New York provides that criminal offenders who have been convicted of certain drug possession crimes and related offenses have the ability to petition the court to vacate their indeterminate sentences and impose a determinate sentence. Prior to 2009, indeterminate sentences for drug crimes and other offenses were common. The concept behind the indeterminate sentence was that it allowed the court and correctional system to work together to customize a fair sentence for each offender. However, it did not take long to realize that customization could also be a synonym for prejudicial sentencing. The Drug Law Reform Act of 2009 was placed into effect to eliminate the subjective atmosphere created by the process of indeterminate sentences. Indeterminate sentences often meant that the time that one offender served was completely different from the sentence that was served by a person who committed the same crime, often a co-defendant of the same crime. The unjust diversity that befell the victims of indeterminate sentencing was the target of the Drug Law Reform Act of 2009.

Under the DLRA a person who was assigned an indeterminate sentence prior to 2009 could appeal to have their sentence vacated and a new one imposed. In order to qualify for the resentencing, an offender must meet certain requirements. They must not have been convicted of certain violent felonies within ten years of the time that they file their requests. There are also other requirements that are necessary for a person to meet before they can be resentenced.

One inmate who petitioned for a review of his sentencing under the DLRA of 2009, was incarcerated based on his conviction on November 5, 2004 for the criminal sale of a controlled substance in the third degree. The criminal sale of a controlled substance in the third degree is a class B drug felony in the state of New York.

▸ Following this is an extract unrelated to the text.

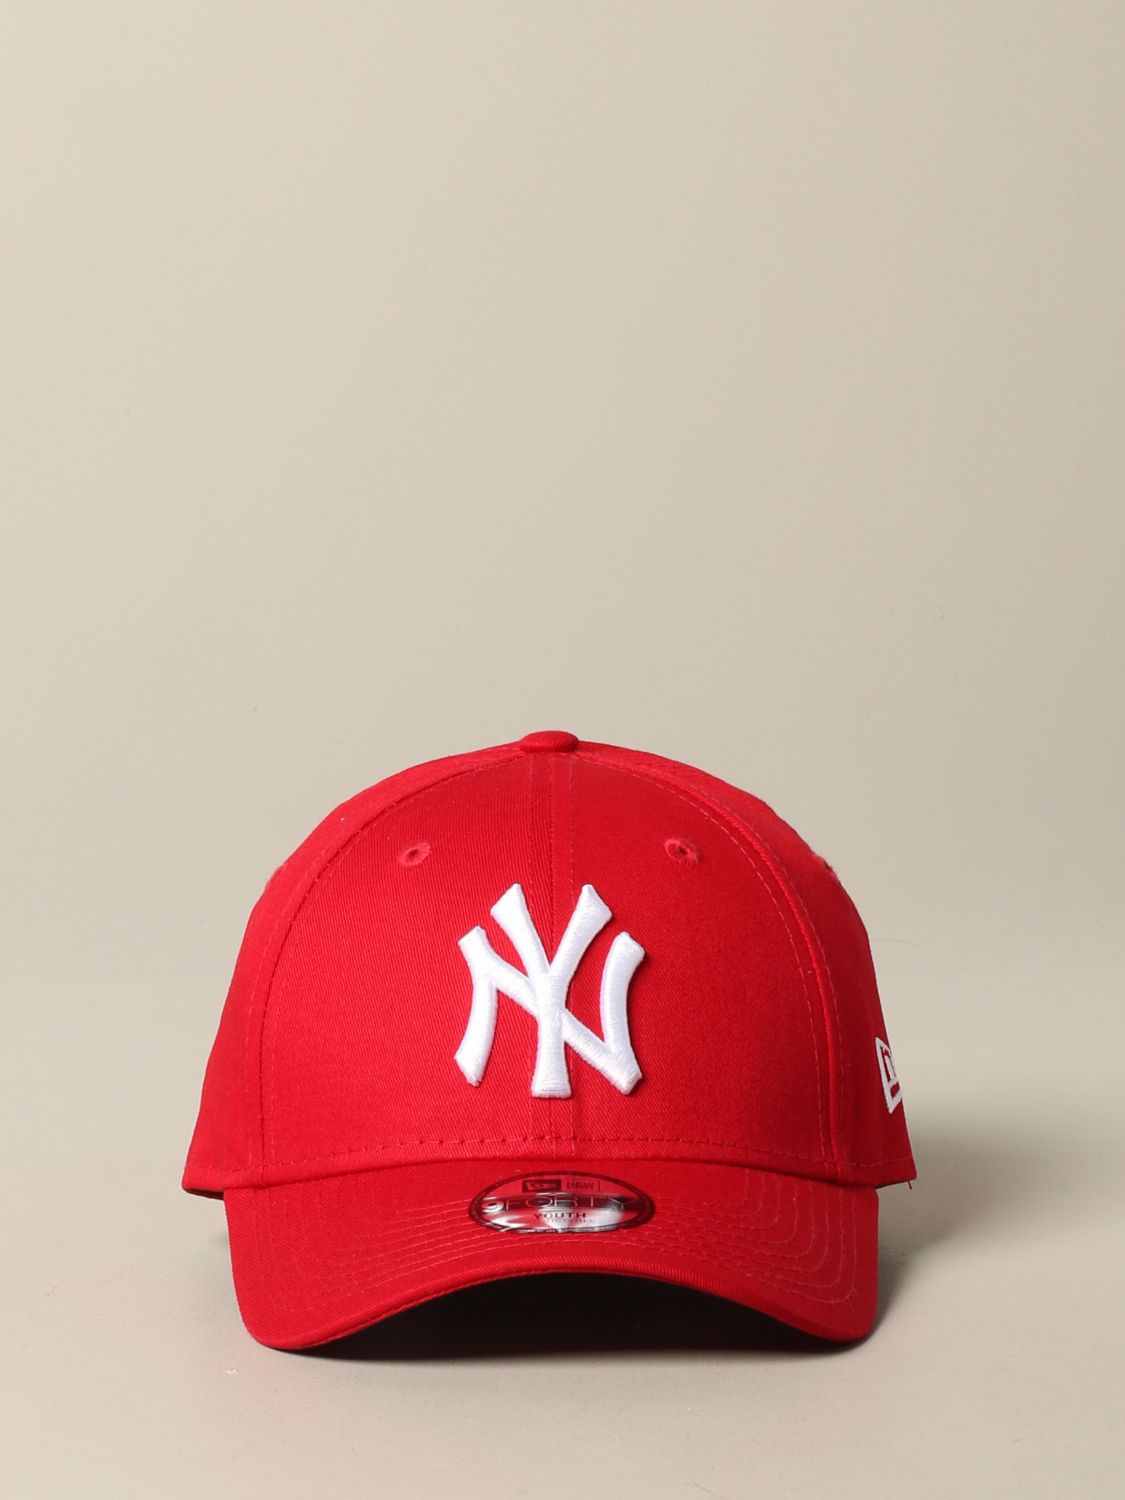 New Era Outlet: basic hat with NY Yankees logo - Red | New Era hat ...

One of the requirements for resentencing under the DLRA is that the offender is an addict and needs treatment for a drug addiction rather than incarceration. This offender contended that he was not a drug dealer at all, but that he was actually an addict who was dealing to support his own habit. He requested resentencing under the DLRA.

The court began a review of his record. What they found was that the offender was convicted of selling cocaine and marijuana on nine separate occasions within the year that he was incarcerated in 2003. On May 29, 2003, the offender was arrested with more than one-eighth ounce of cocaine (cocaine possession). When the police officers executed a search warrant of the offender’s home, they recovered more narcotics and small glassine baggies that are commonly used by drug dealers to repackage their product for resale. The offender was charged with a class B felony and sentenced to an indeterminate prison sentence of 7 ½ to 15 years incarceration. He was allowed to remain free on bond while his sentence was being processed. During that time, between September 1, 2003 and November 30, 2003, the offender was charged with having sexual intercourse with a thirteen-year old girl at least five times that resulted in her becoming pregnant with his child. The offender was thirty years of age at the time.

When the girl told him of her pregnancy, he moved out of the apartment building where he was living since she and her family also resided in the same building. On January 24, 2004, he was arrested in New York County for assault in the second degree relative to a drug transaction in which the case was dismissed. On March 3, 2004 he was arrested for the rape in the second degree of the thirteen year-old girl in his apartment building. He was later arrested for violating probation and robbery. Based on his history, the court determined that he would not be a good candidate for re-sentencing. His request was refused.